Baseline Disease Characteristics in the PROTECT Study
Table 6 displays the baseline disease characteristics in PROTECT Study.
| TZIELD N=217 | Placebo N=111 | |
|---|---|---|
| Abbreviations: GAD=glutamic acid decarboxylase, HbA1c=hemoglobin A1c, HLA=human leukocyte antigen, IA=islet antigen, ICA=islet cell cytoplasmic autoantibody, ITT=intent to treat, T1D=type 1 diabetes, ZnT8=zinc transporter 8. | ||
| HbA1c (%) | 8.90 | 9.18 |
| History of diabetic ketoacidosis, (%) | 1% | 4% |
| T1D-related Autoantibodies, (%) | ||
| anti-GAD65 | 84% | 87% |
| anti-IA-2 | 77% | 78% |
| anti-ZnT8 | 75% | 75% |
| anti-insulin | 66% | 77% |
| anti-ICA | 52% | 49% |
| Number of Positive T1D Autoantibodies, (%) | ||
| 0 | <1% This patient was randomized after testing positive for autoantibodies by the local laboratory. However, the central laboratory result for autoantibodies was negative. | 0% |
| 1 | 5% | 3% |
| 2 | 18% | 12% |
| 3 | 22% | 27% |
| 4 | 30% | 35% |
| 5 | 25% | 23% |
| HLA genotype For these HLA genotype analyses, there were 215 TZIELD-treated patients and 109 placebo-treated patients. : DR3, (%) | ||
| Positive | 44% | 51% |
| Negative | 55% | 49% |
| HLA genotype: DR4, (%) | ||
| Positive | 64% | 69% |
| Negative | 36% | 31% |
A statistically significant difference in decline of C-peptide AUC from baseline at Week 78 was observed in TZIELD-treated patients compared to placebo (see Table 7 ).
| TZIELD N=217 | Placebo N=111 | |
|---|---|---|
| Abbreviations: ANCOVA = Analysis of Covariance, AUC = Area Under the Curve, CI = Confidence Interval, ITT= intent to treat, LSMean = Least Squares Mean, SD = Standard Deviation | ||
| Baseline, mean (SD) | 0.54 (0.20) | 0.53 (0.17) |
| Change from baseline, LSMean (95% CI) | -0.09 (-0.11, -0.07) | -0.22 (-0.25, -0.18) |
| Difference from placebo, LSMean (95% CI) | 0.13 (0.08, 0.17) | |
Subgroup analyses of the primary endpoint by age group (age 8 to 11, 12 to 17 years), sex (males, females), race (White, other races), geographic region (North America, Europe), baseline insulin use (<0.5, ≥0.5 unit/kg/day), baseline peak C-peptide category (0.2–0.7, >0.7 pmol/mL), baseline HbA1c category (<7.5, ≥7.5%), timing of second course of TZIELD (month 6 or 12), number of positive T1D autoantibodies (1–2, ≥3), HLA genotype DR3 (positive, negative), HLA genotype DR 4 (positive, negative), and BMI z-score by quartile were carried out. The estimated treatment effect in maintaining C-peptide AUC was consistent among patients treated with TZIELD relative to placebo in patients in all subgroups.

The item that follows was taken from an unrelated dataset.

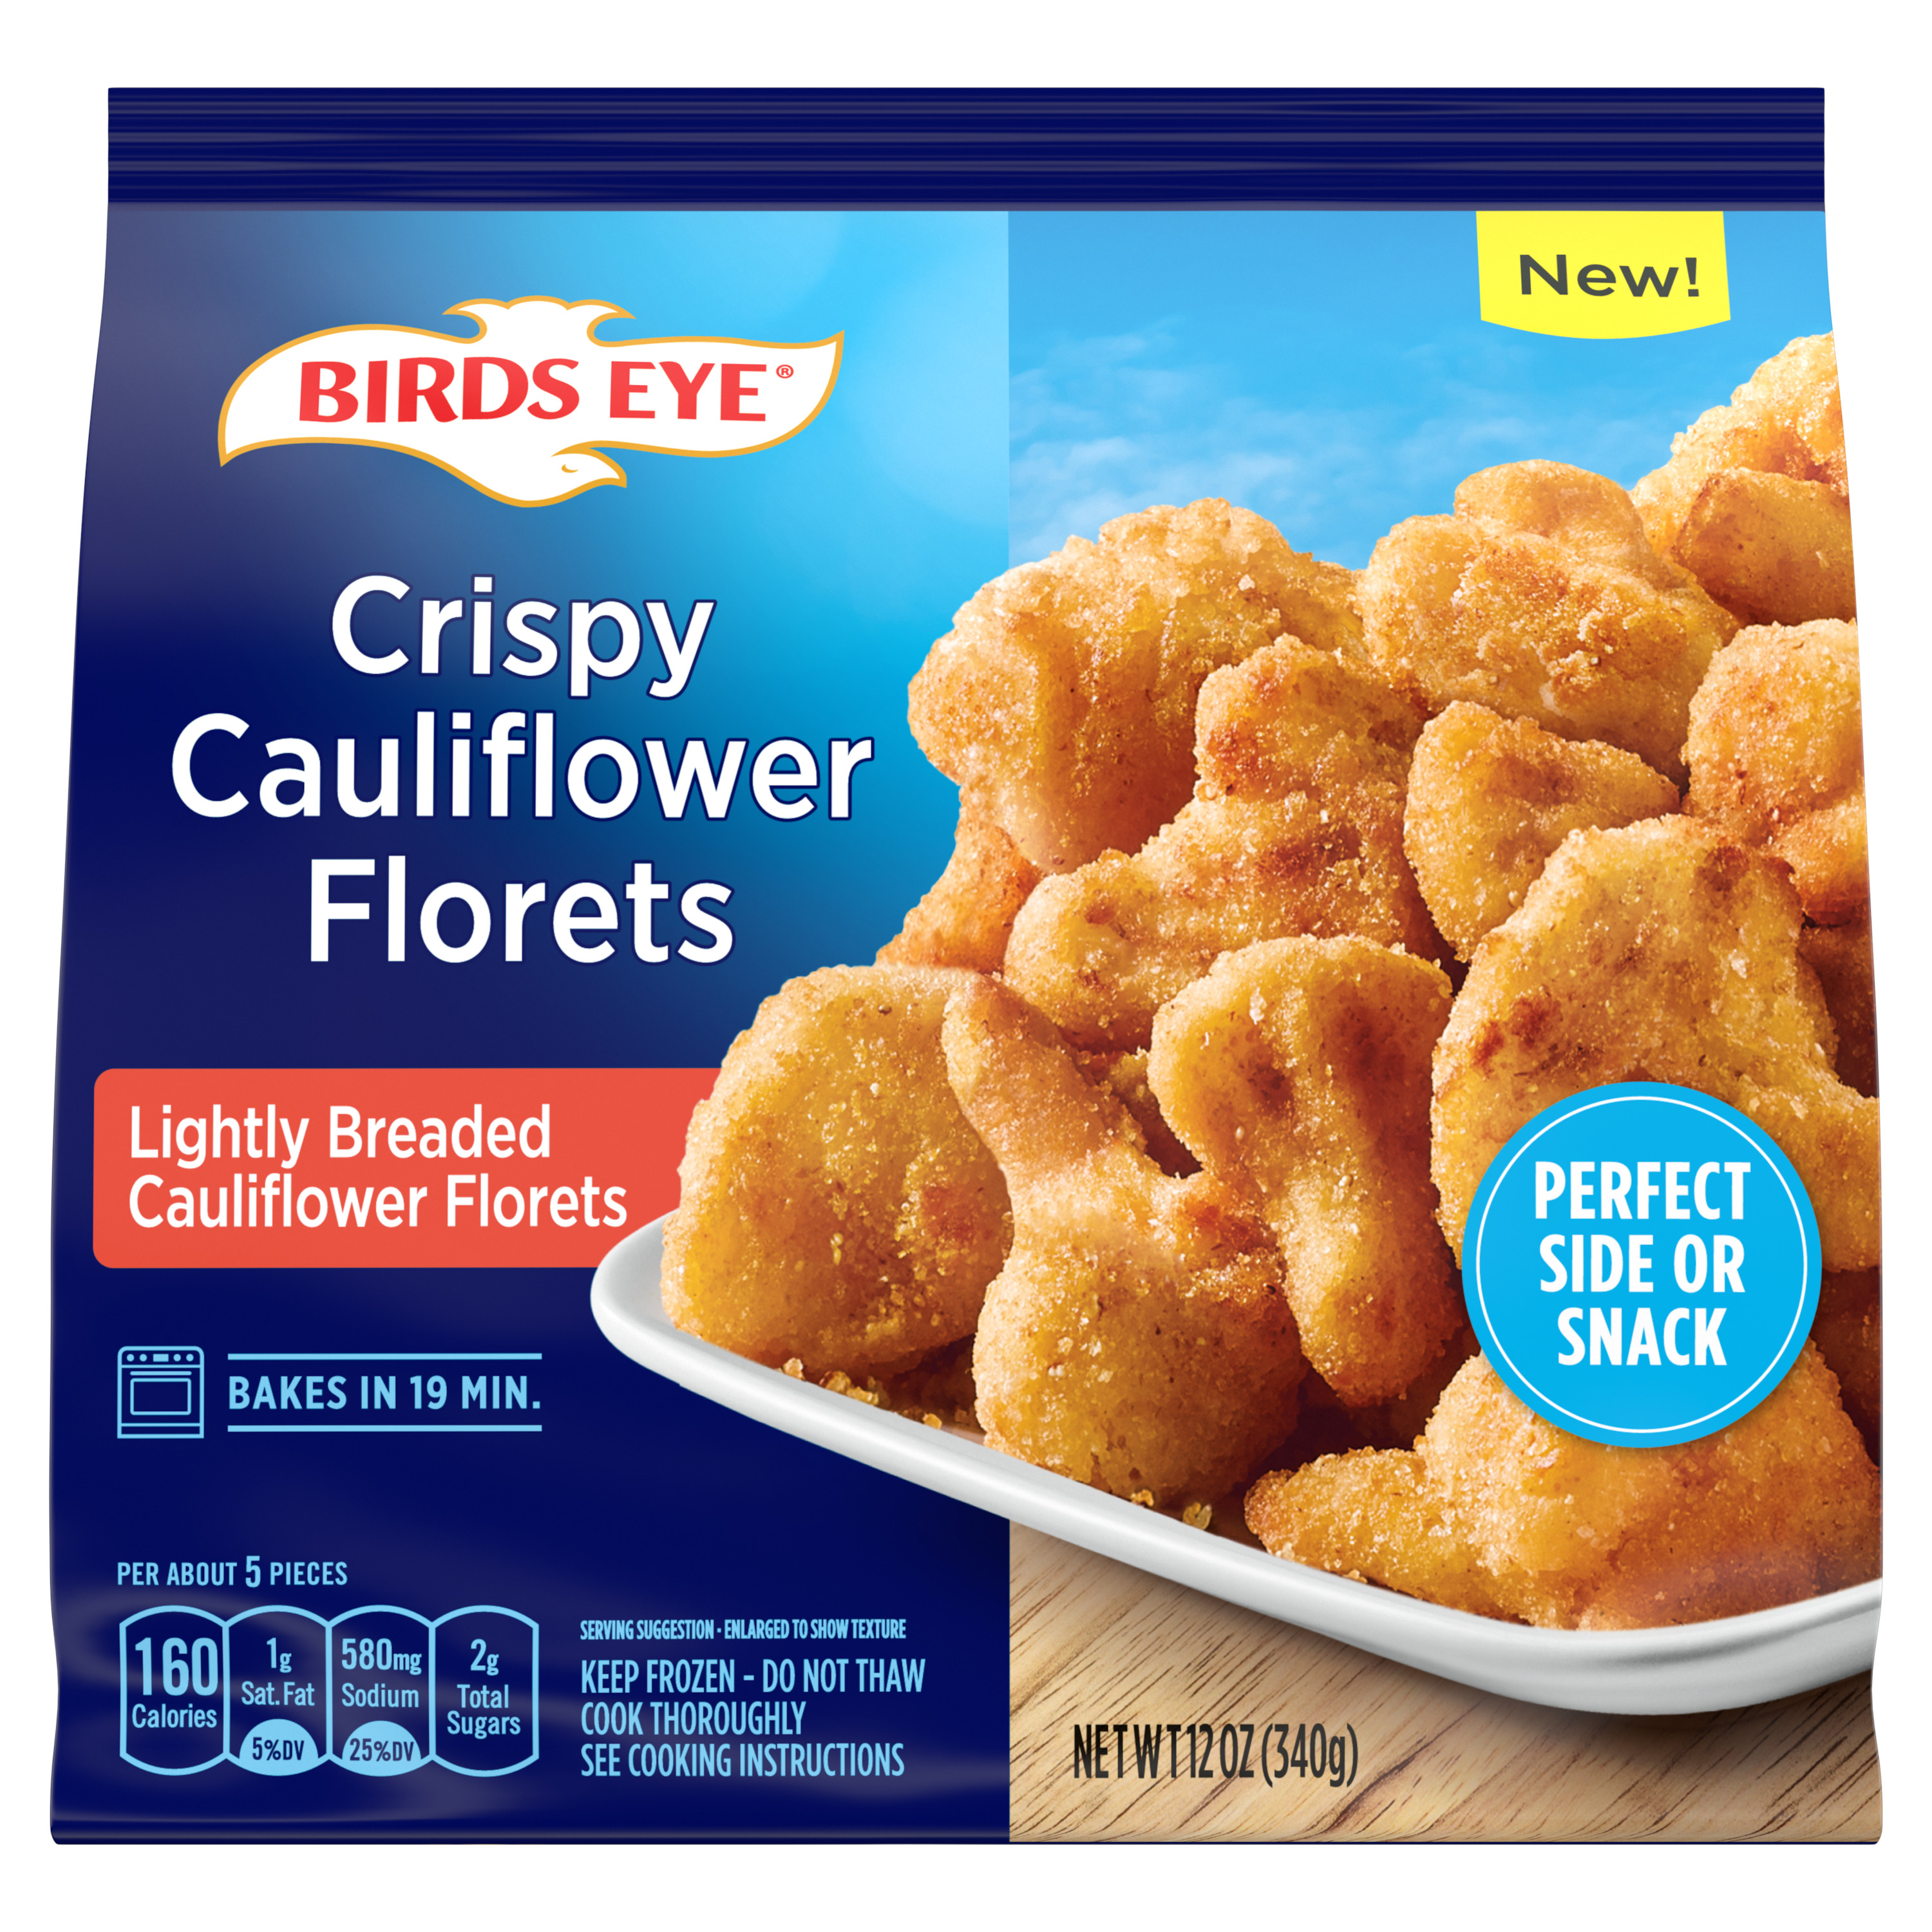 Crispy Cauliflower Florets

HOW SUPPLIED/STORAGE AND HANDLING
TZIELD (teplizumab-mzwv) injection is a clear and colorless solution (2 mg/2 mL (1 mg/mL)) supplied in a single-dose vial as follows:
| Carton Contents | NDC |
|---|---|
| 1 single dose vial | NDC 73650-316-01 |
Refrigerate TZIELD vials at 2°C to 8°C (36°F to 46°F) in the original carton to protect from light. Store upright. Do not freeze or shake the vials.

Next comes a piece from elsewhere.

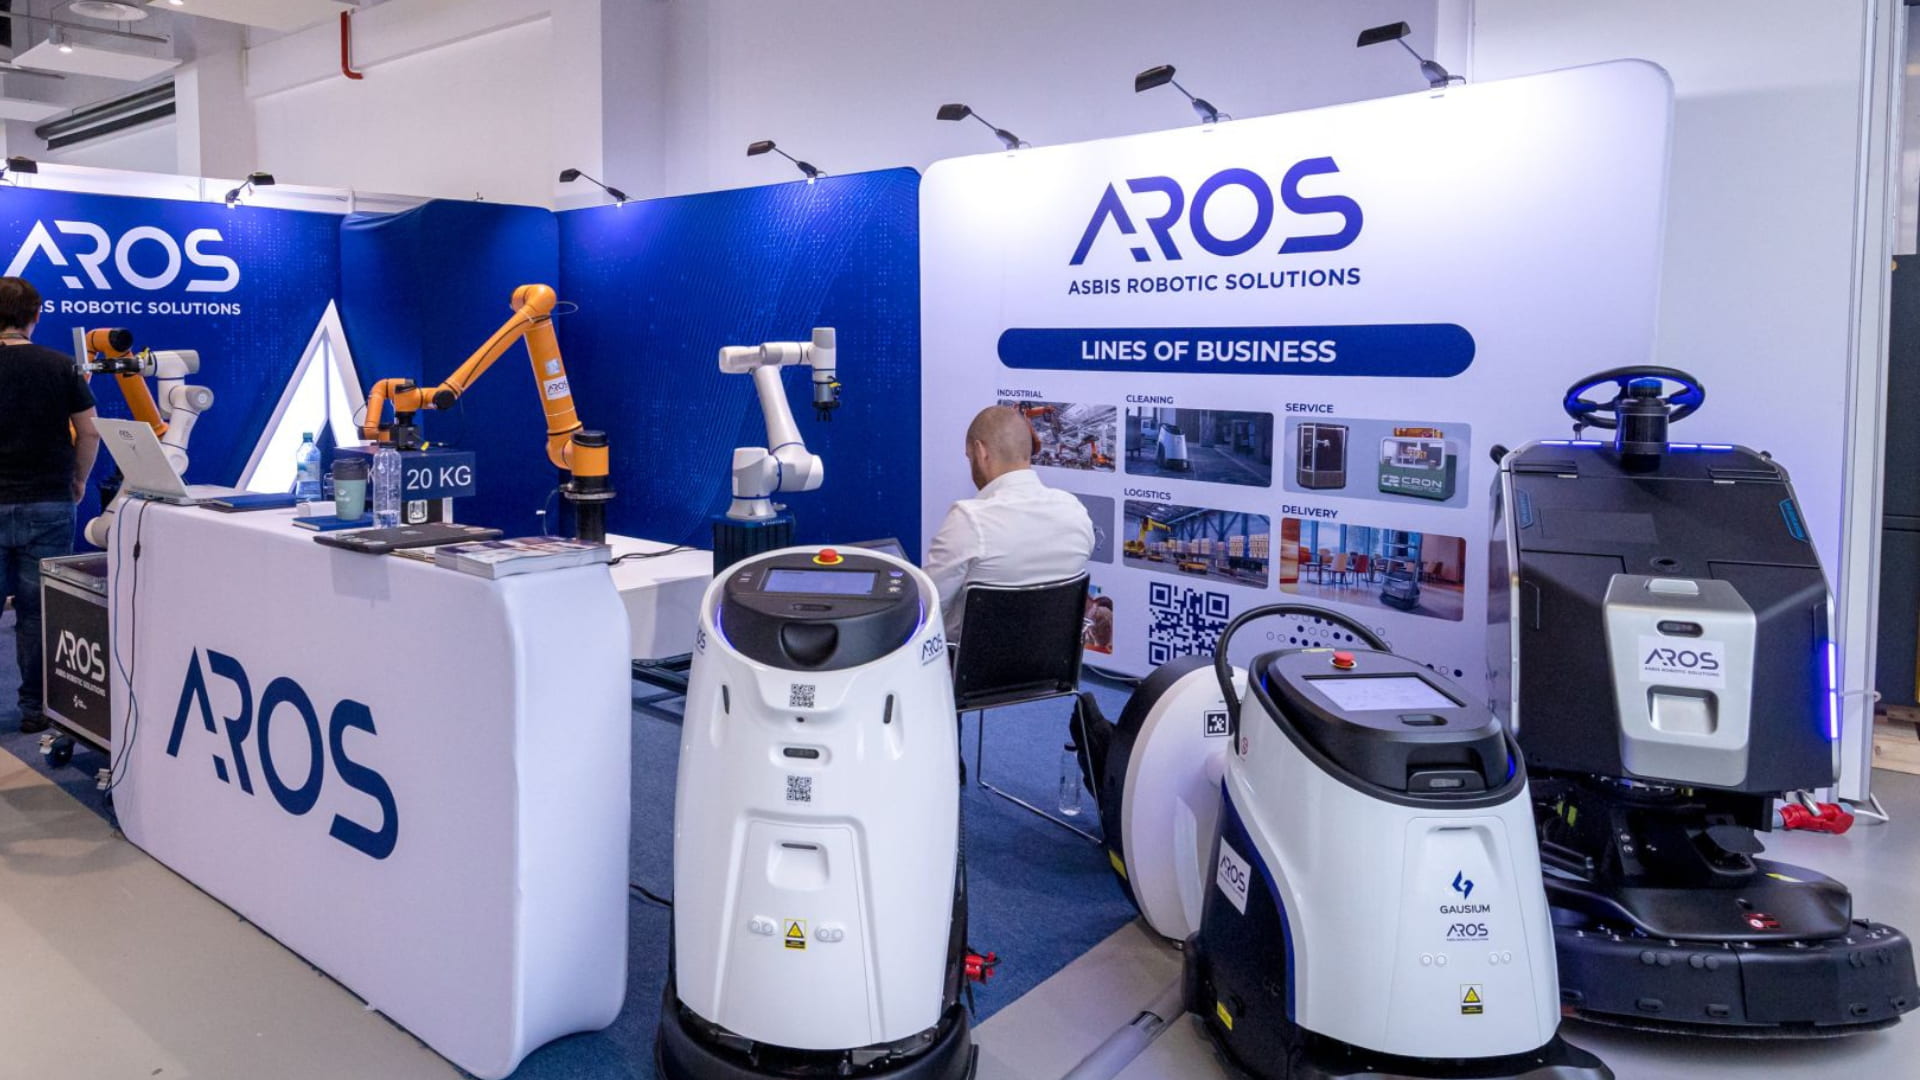 AROS - ASBIS Robotic Solutions (AROS)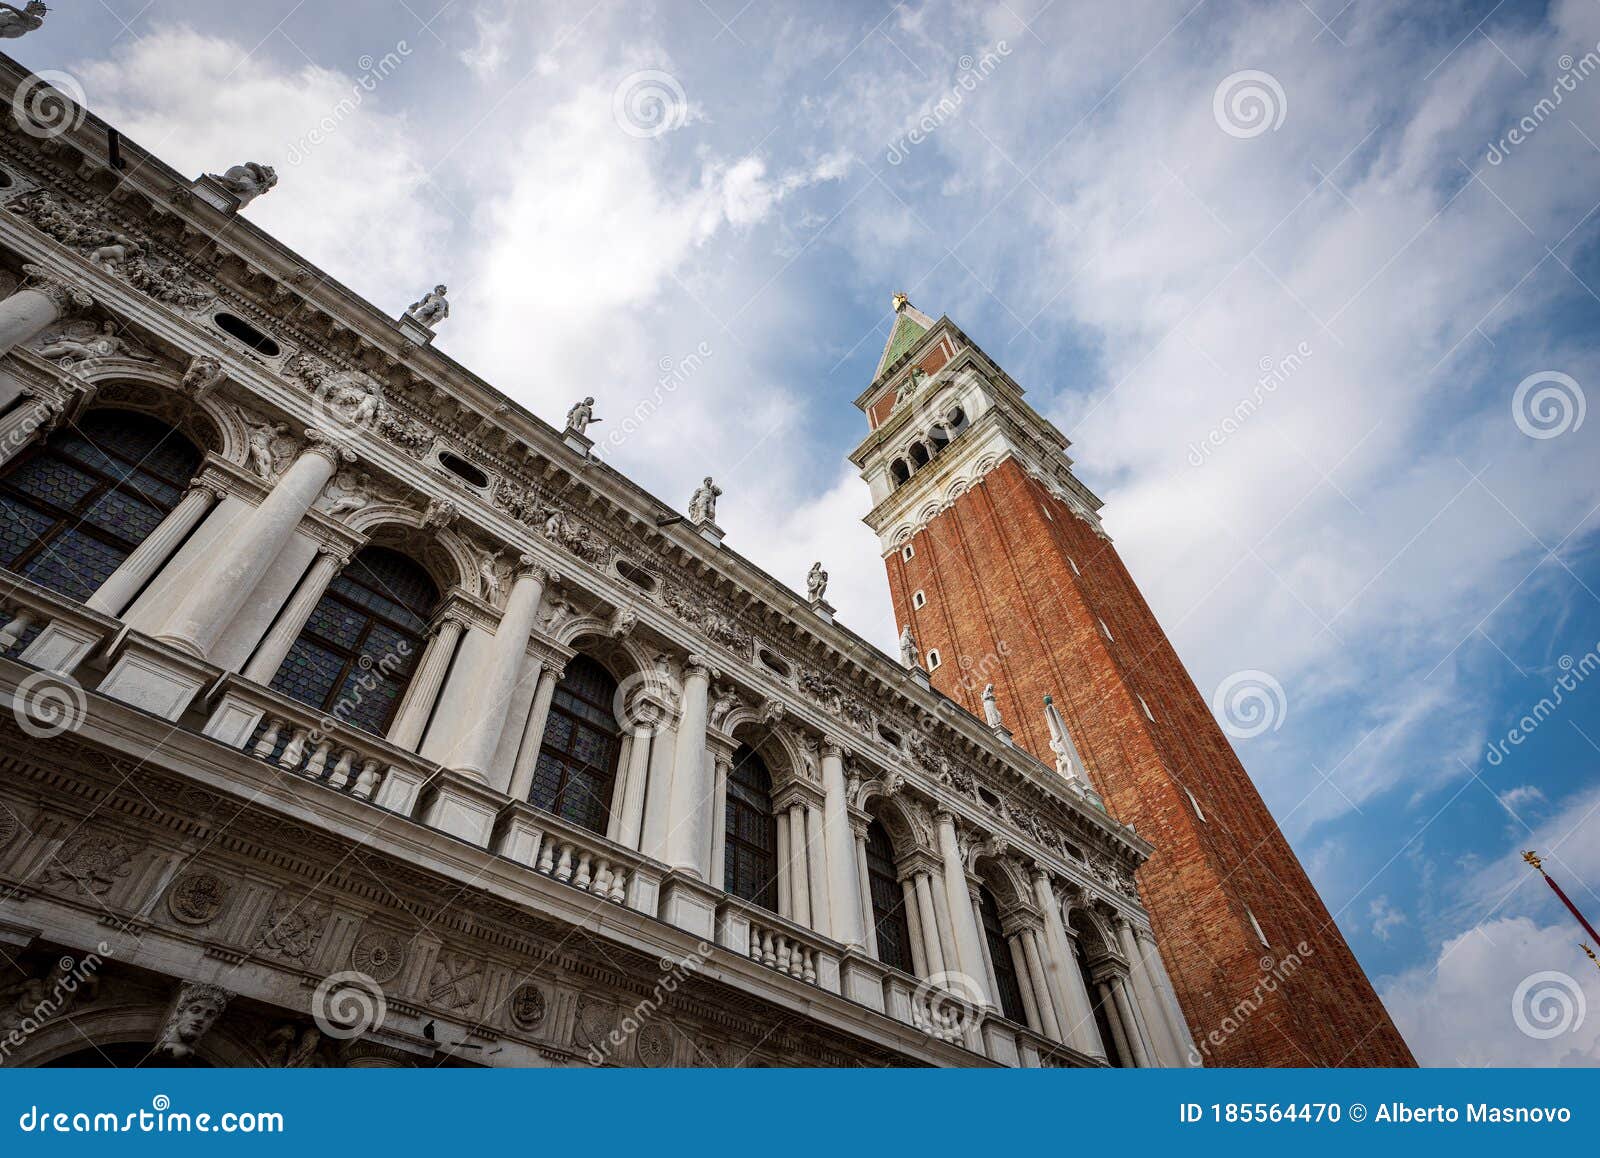 campanile of san marco and biblioteca nazionale marciana - venice italy

Once diluted, it is recommended that the product should be used immediately [see Dosage and Administration (2.7) ] .
Mechanism of Action
Teplizumab-mzwv binds to CD3 (a cell surface antigen present on T lymphocytes) and delays the onset of Stage 3 T1D in adult and pediatric patients aged 1 year and older with Stage 2 T1D and delays the decline in endogenous insulin production in patients aged 8 to 17 years recently diagnosed with Stage 3 T1D.
The mechanism may involve partial agonistic signaling and deactivation of pancreatic beta cell autoreactive T lymphocytes. Teplizumab-mzwv leads to an increase in the proportion of regulatory T cells and of exhausted CD8+ T cells in peripheral blood.